> _Directions for this task_
The reply must repeat the listing below exactly and carry none of its pictures.

> _Collected material_
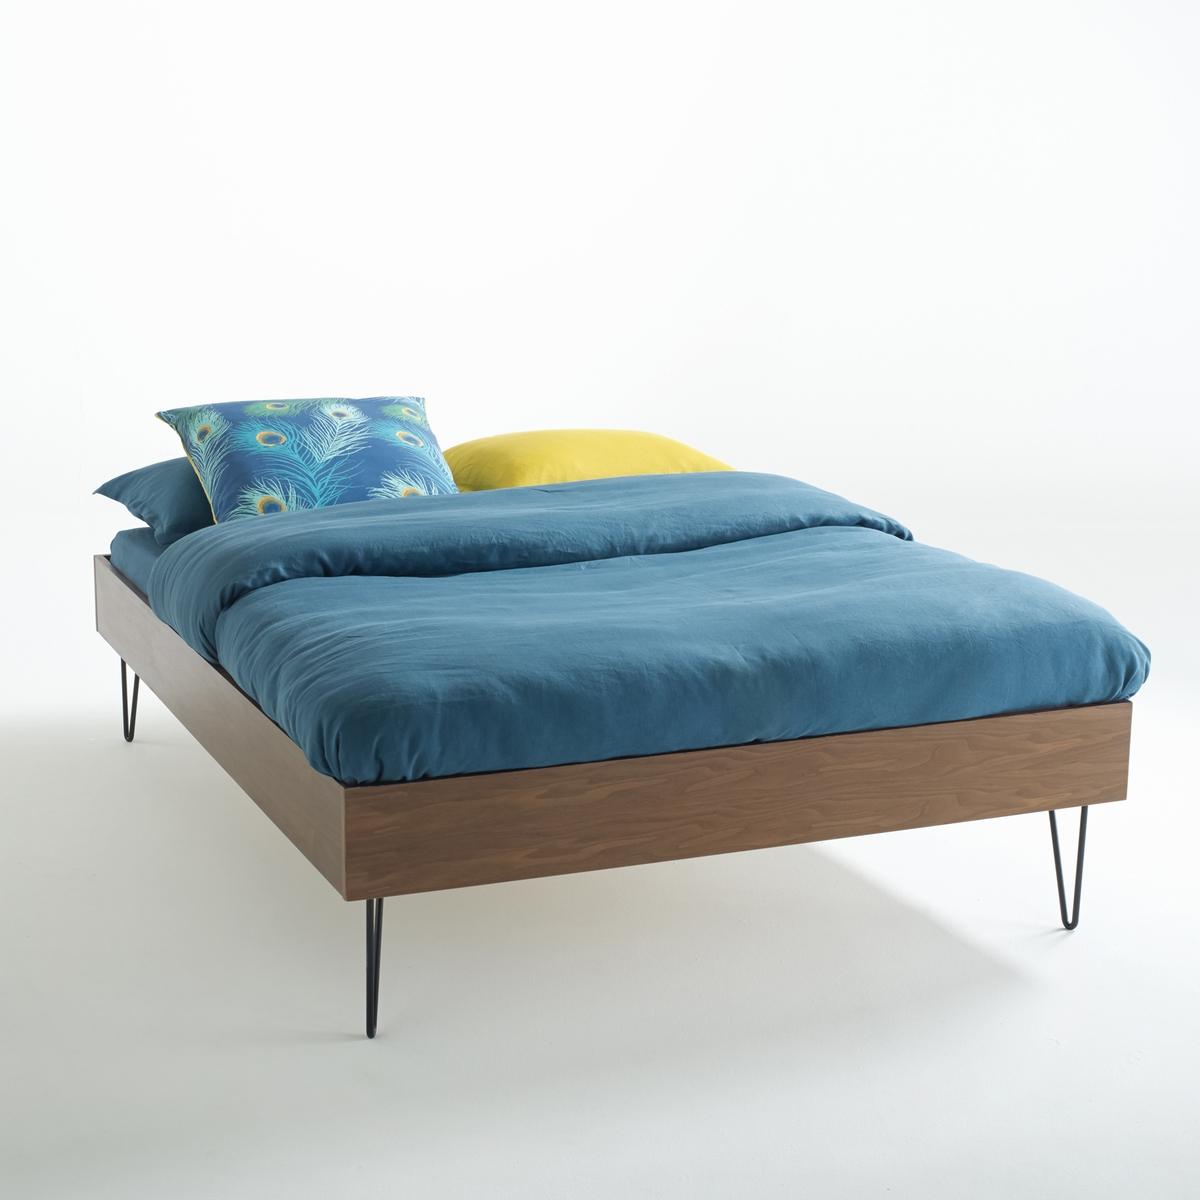 "Bett \""Watford\"", Vintage-Stil"
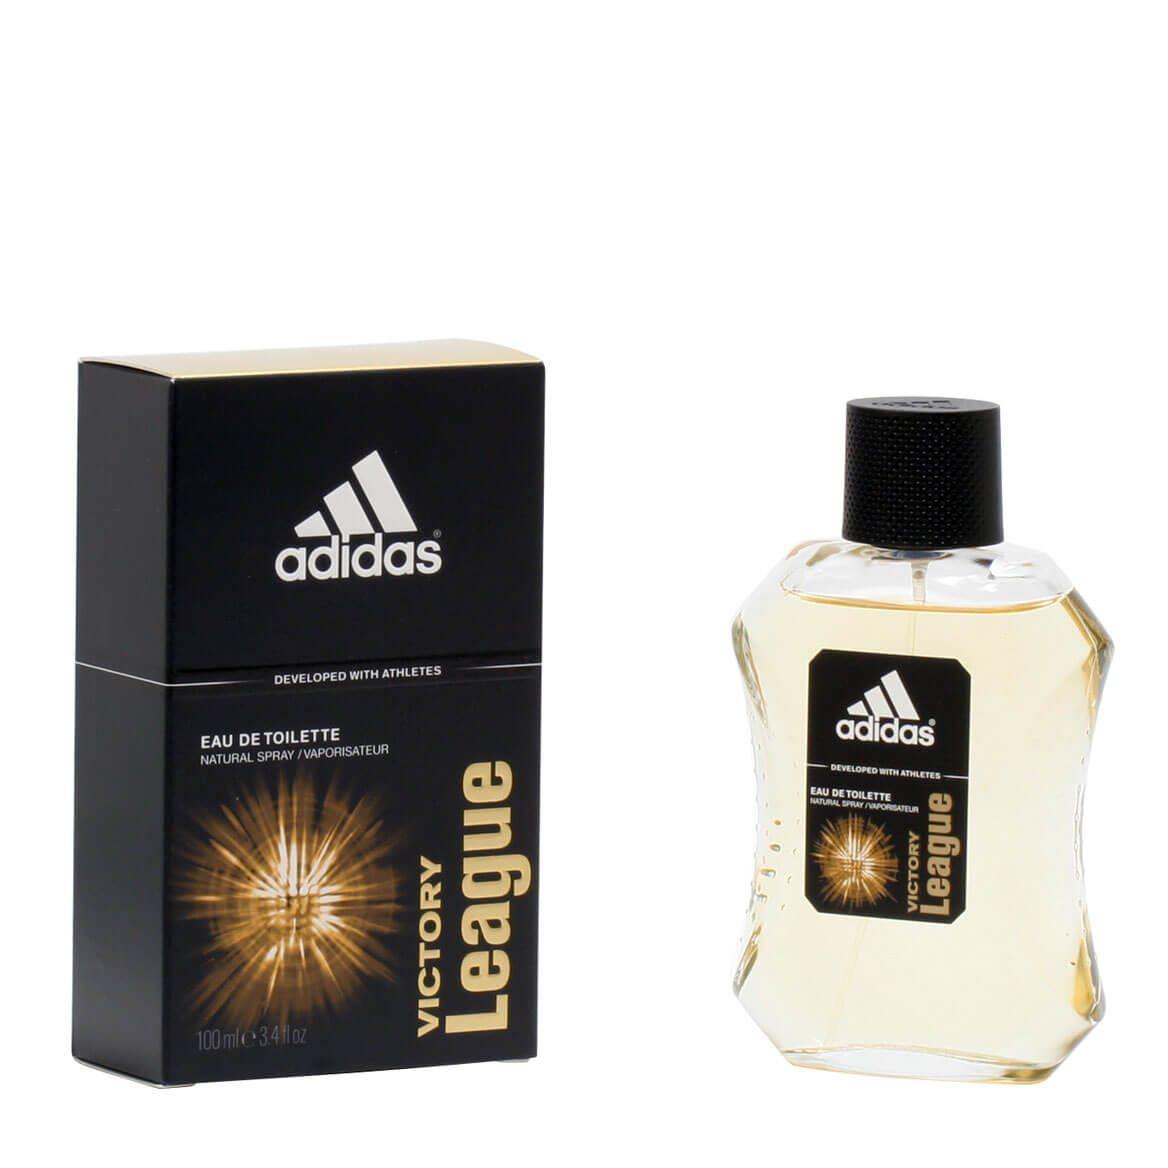 Adidas Victory League Men, EDT Spray 3.4oz-360281
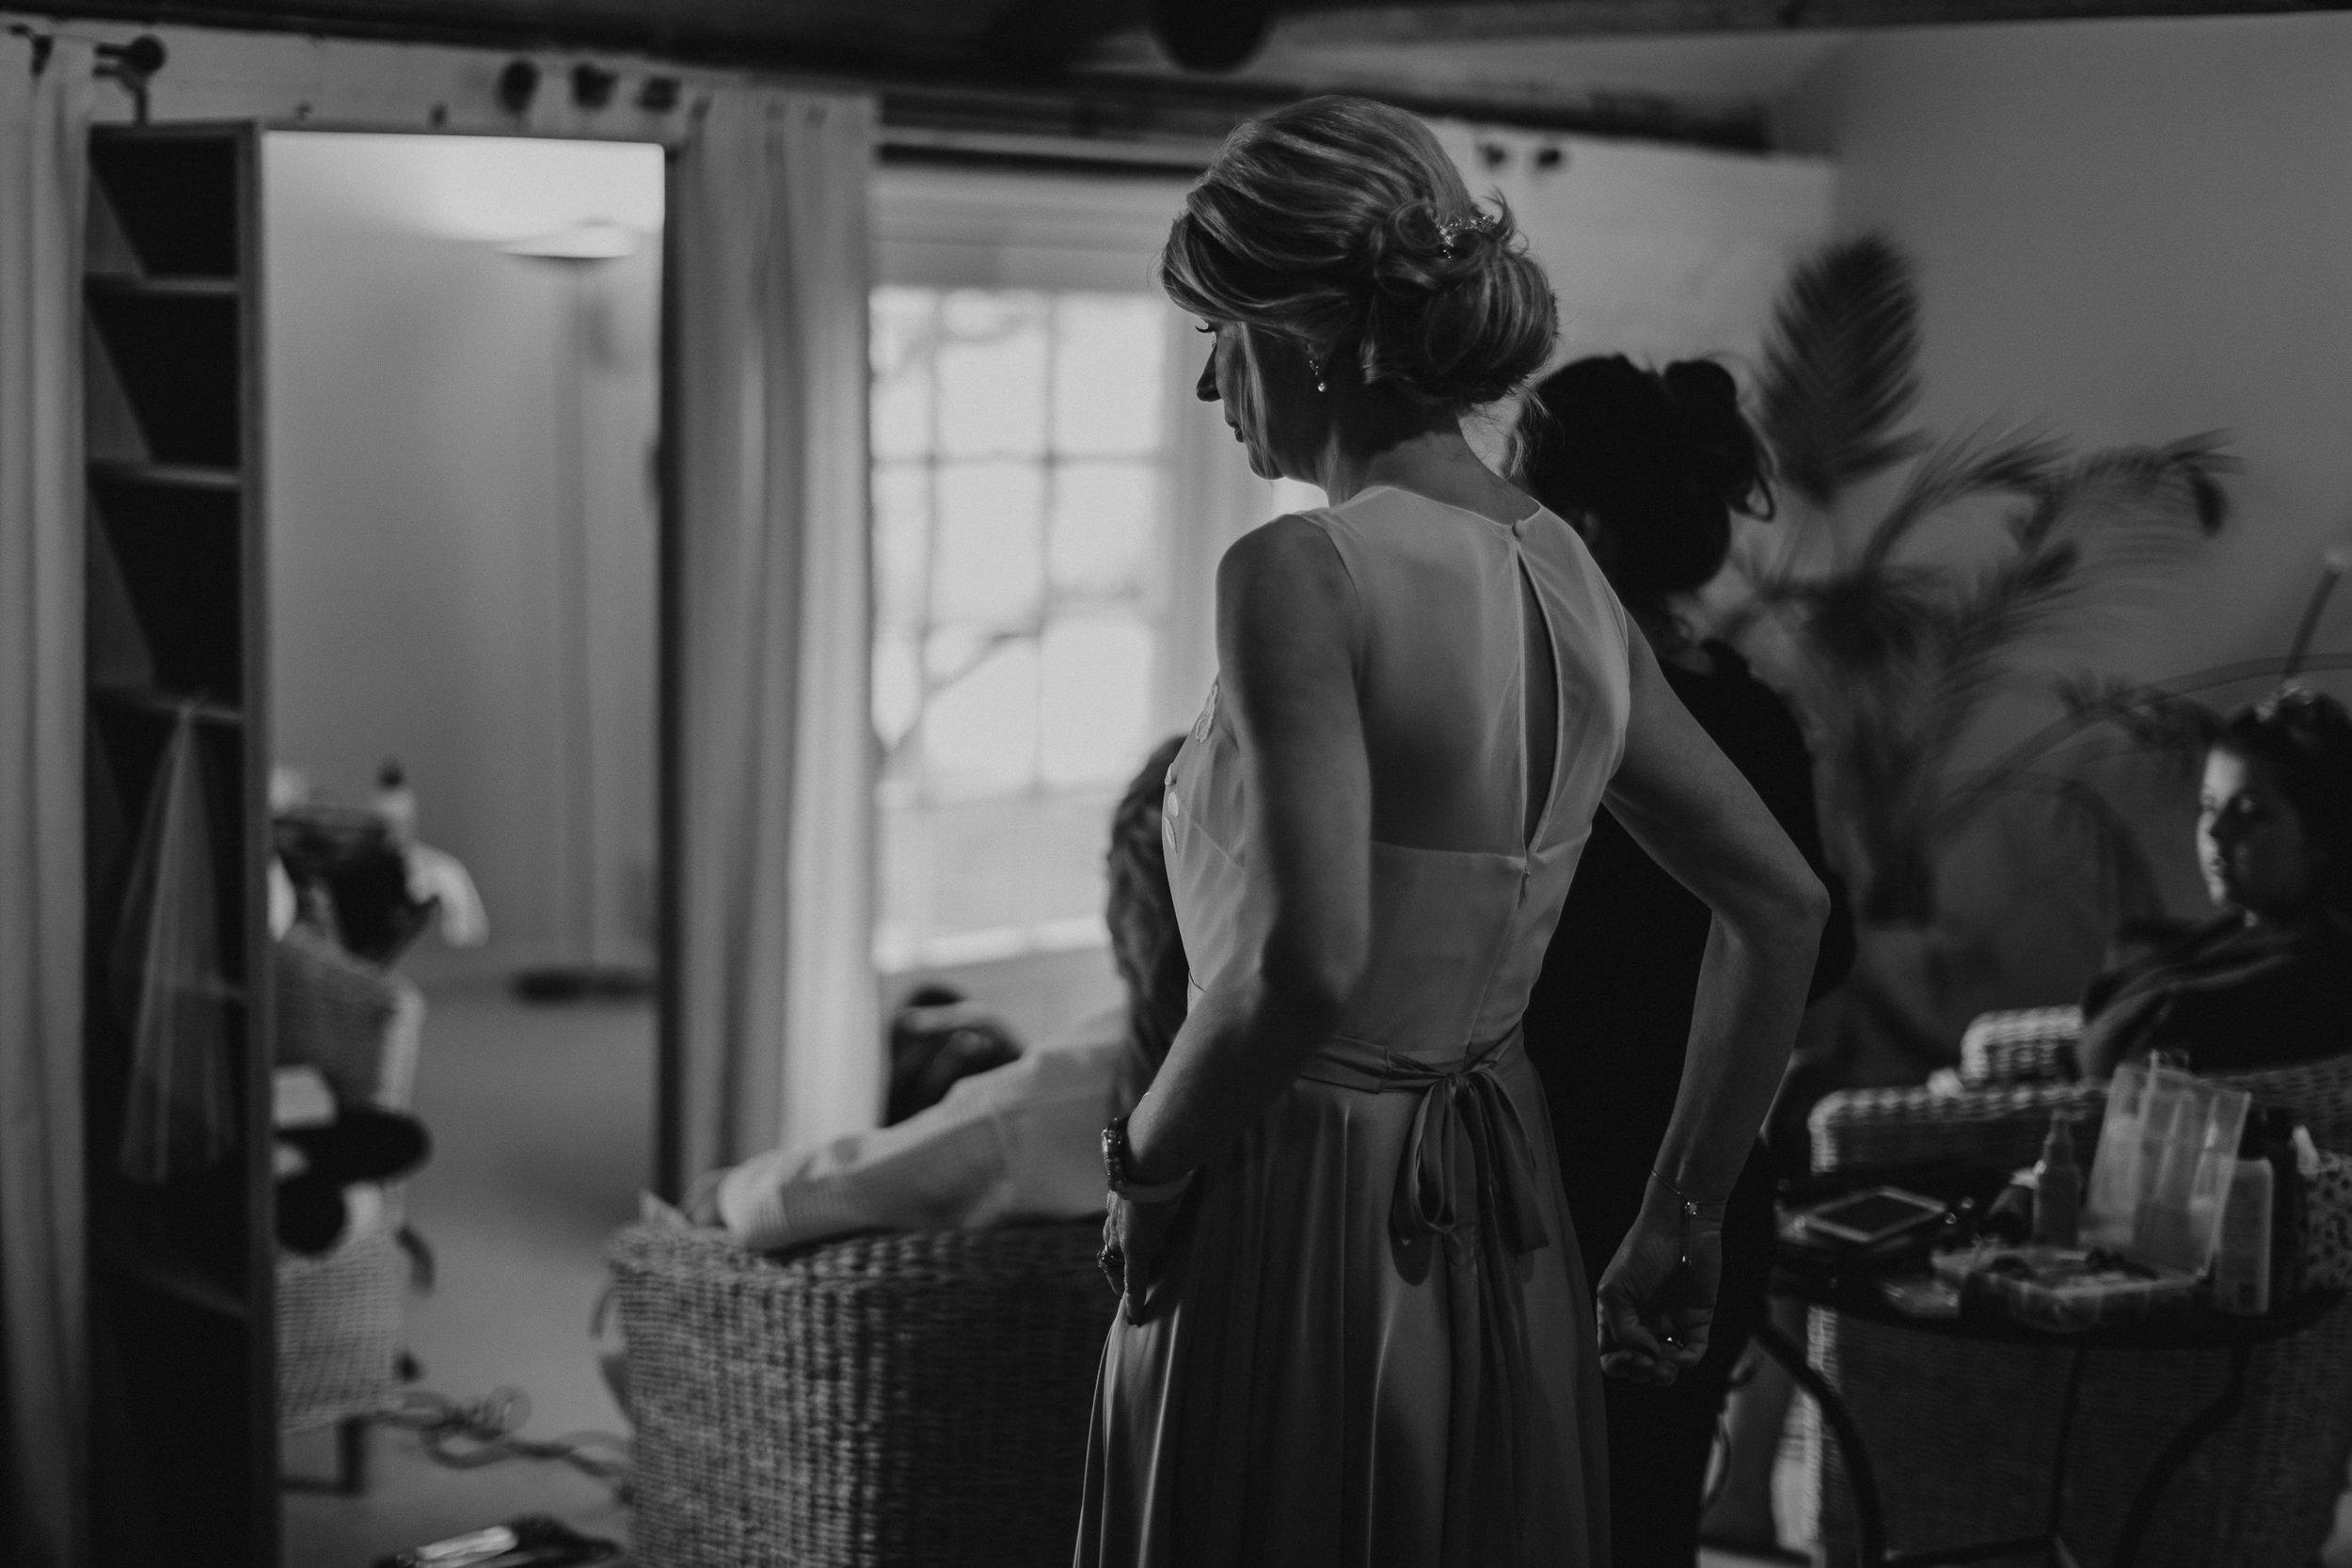 London_wedding_photographer_gione_da_silva_carelle_paul44.jpg

> _Output_
 "Bett \""Watford\"", Vintage-Stil"
 Adidas Victory League Men, EDT Spray 3.4oz-360281
 London_wedding_photographer_gione_da_silva_carelle_paul44.jpg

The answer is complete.